● **Exercise**: Leave every image behind and restate the data word for word.

● **Given data**:
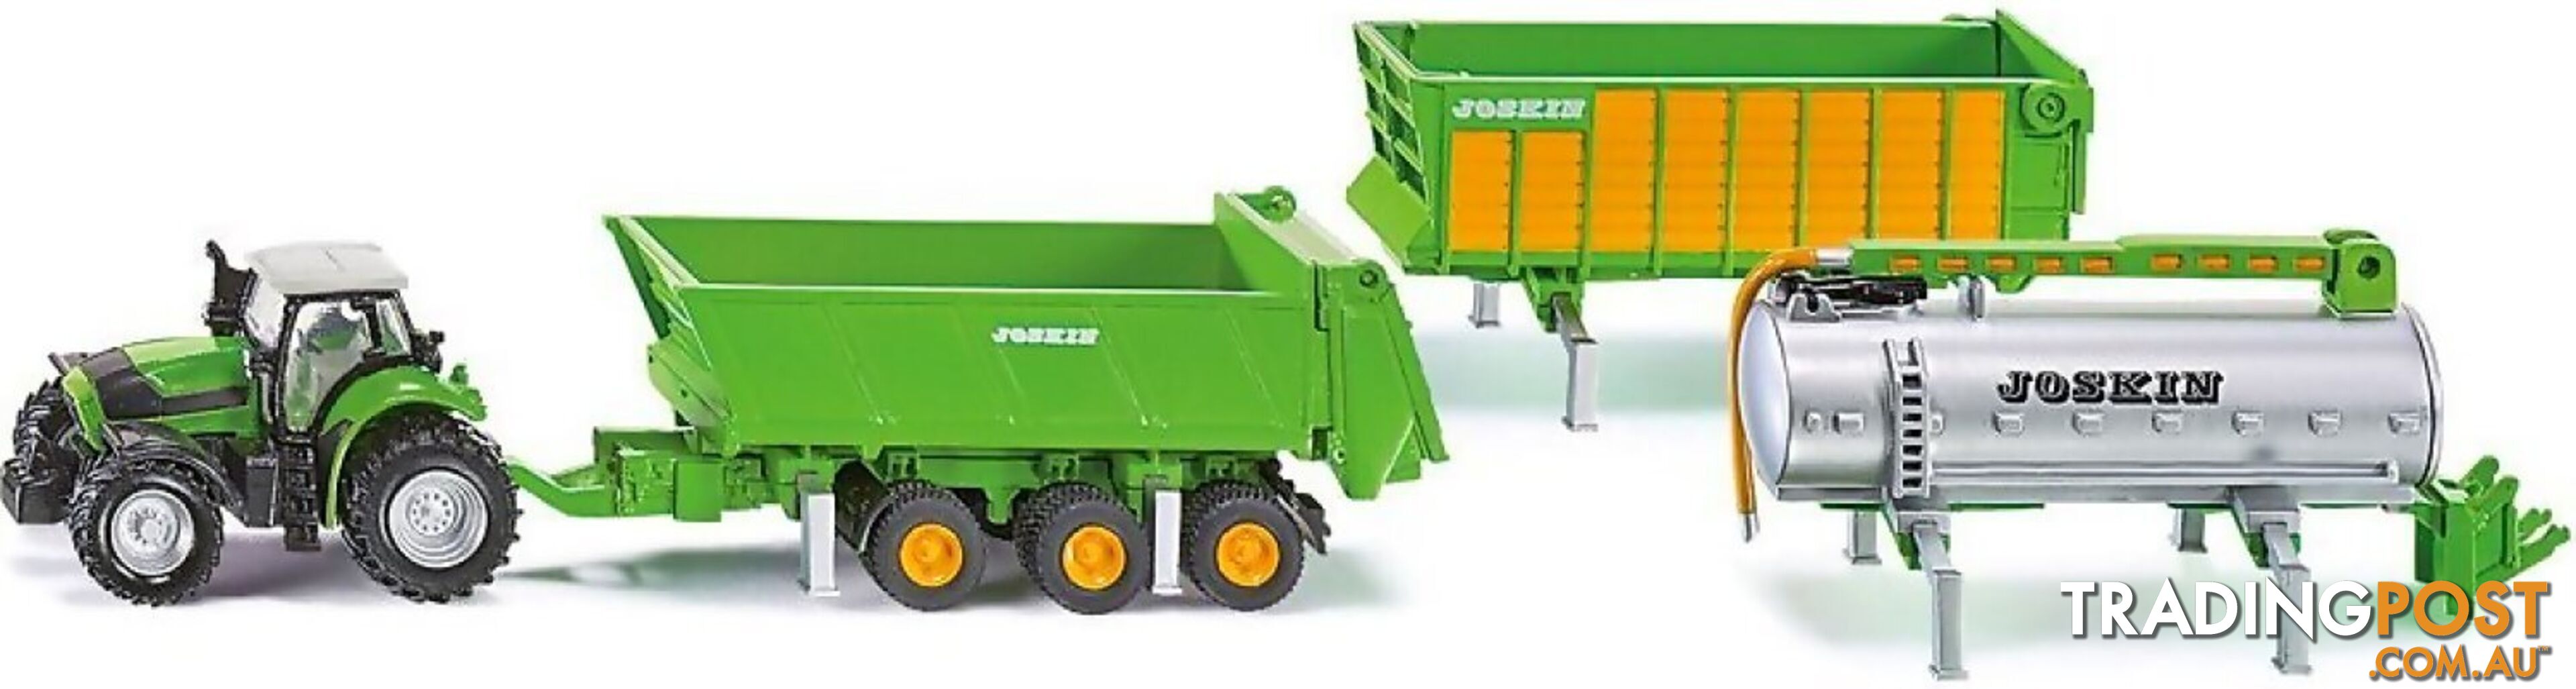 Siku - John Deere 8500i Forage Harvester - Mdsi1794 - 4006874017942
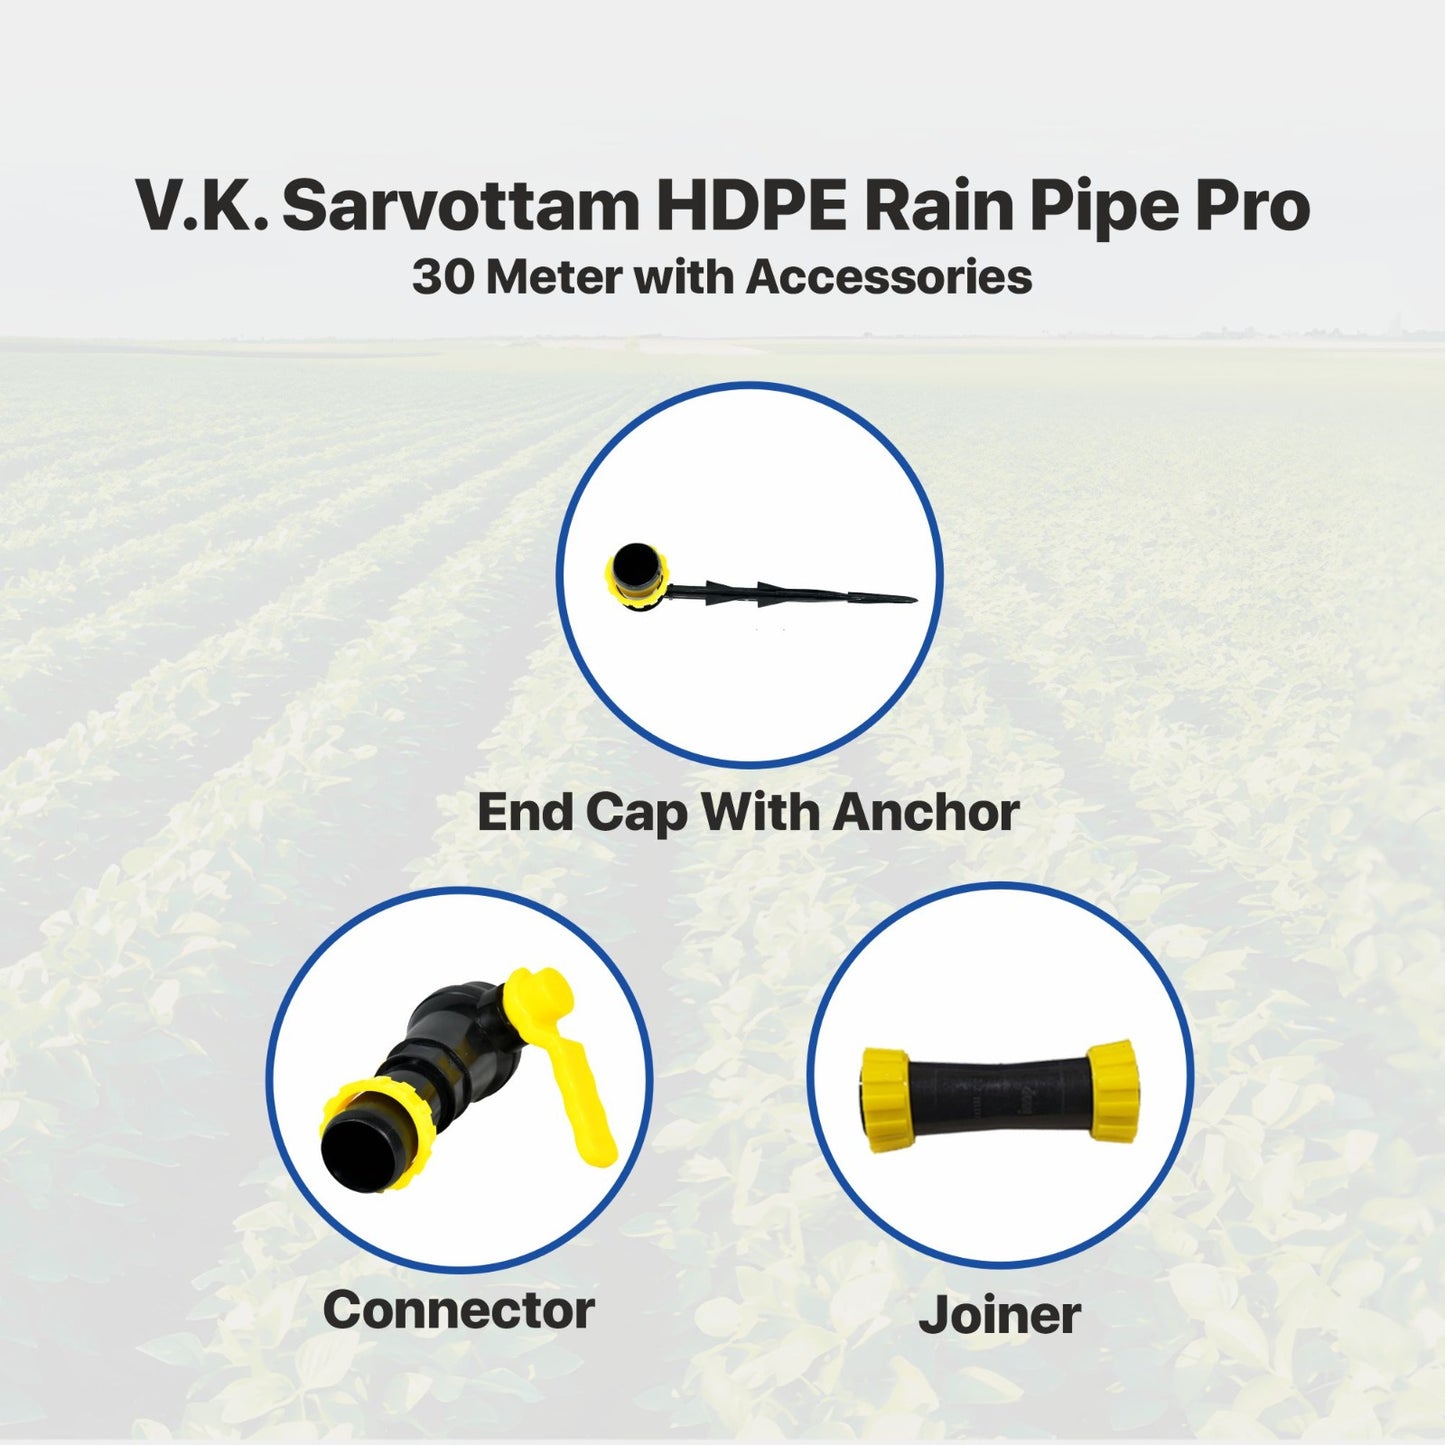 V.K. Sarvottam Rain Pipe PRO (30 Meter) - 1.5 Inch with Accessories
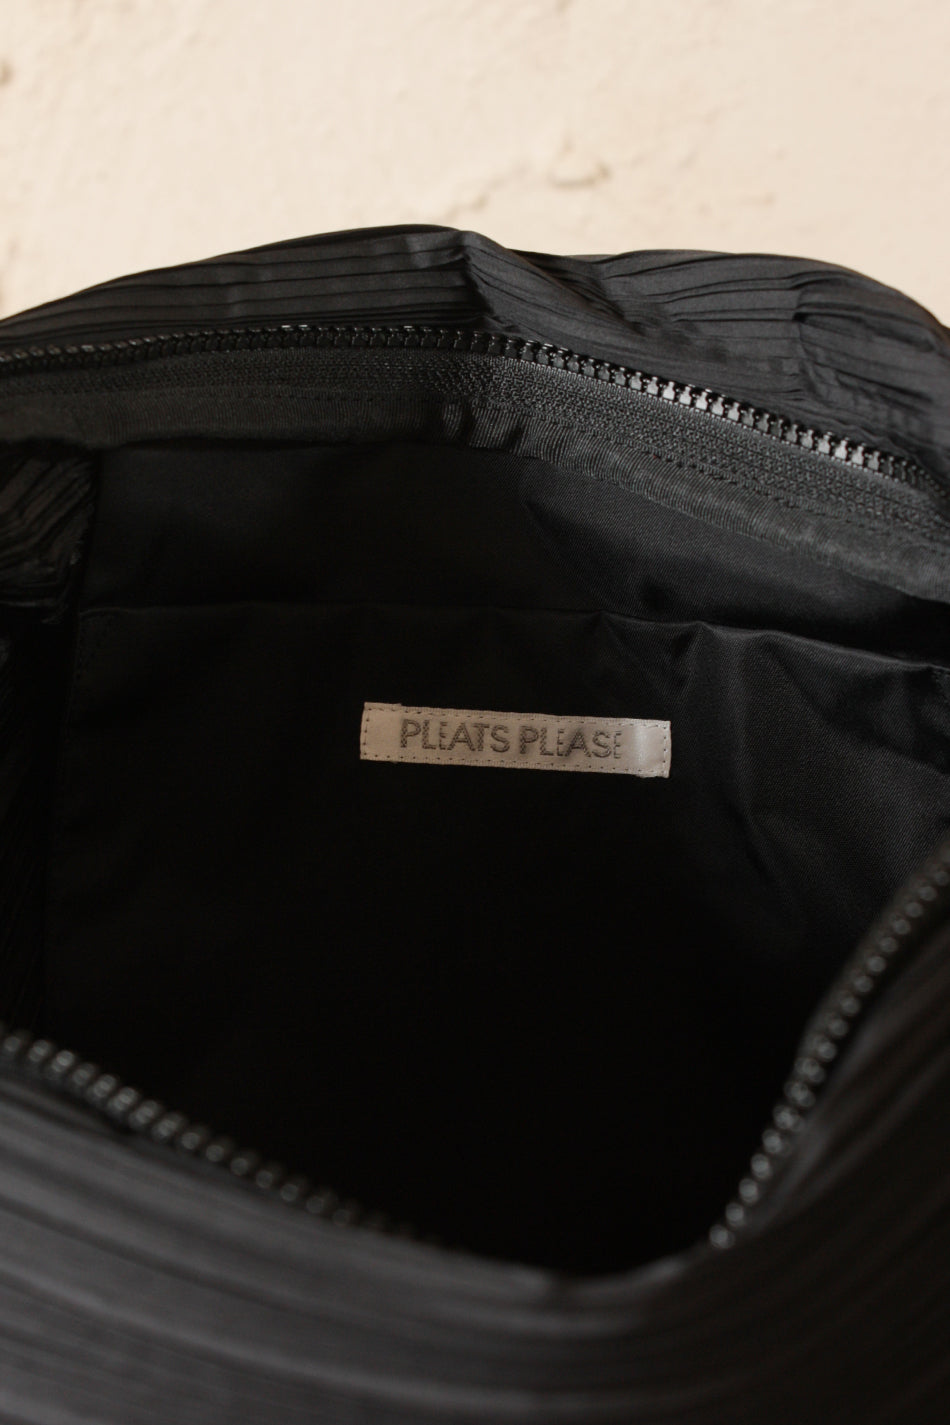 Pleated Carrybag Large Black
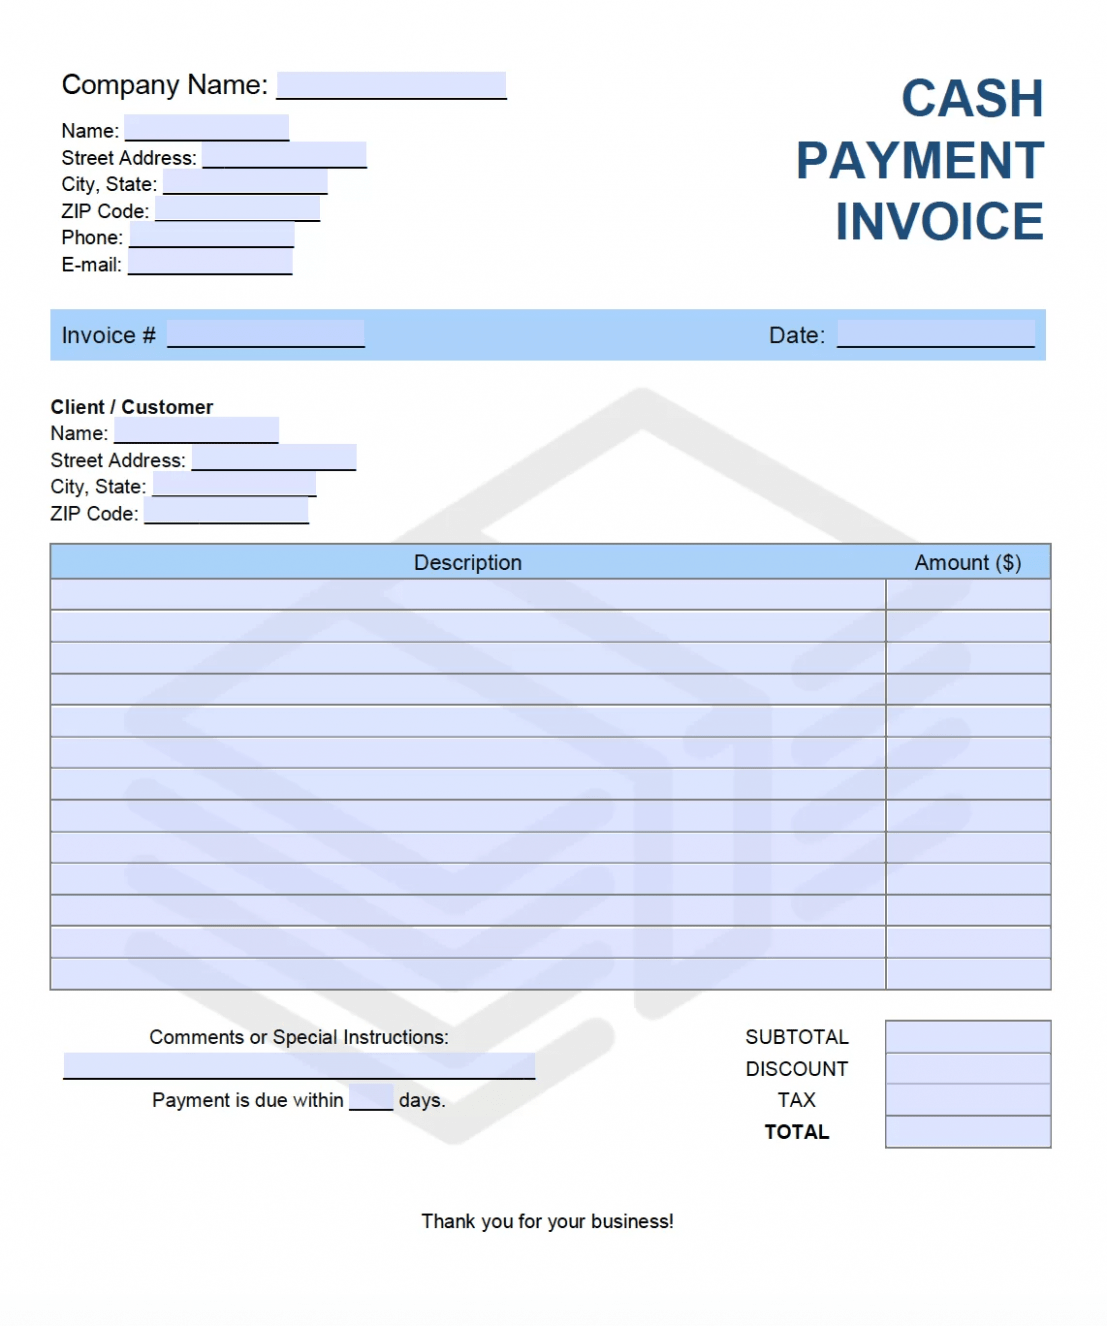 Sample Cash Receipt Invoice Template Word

● **Answer section**:
 Siku - John Deere 8500i Forage Harvester - Mdsi1794 - 4006874017942
 V.K. Sarvottam Rain Pipe PRO (30 Meter) - 1.5 Inch with Accessories
 Pleated Carrybag Large Black
 Sample Cash Receipt Invoice Template Word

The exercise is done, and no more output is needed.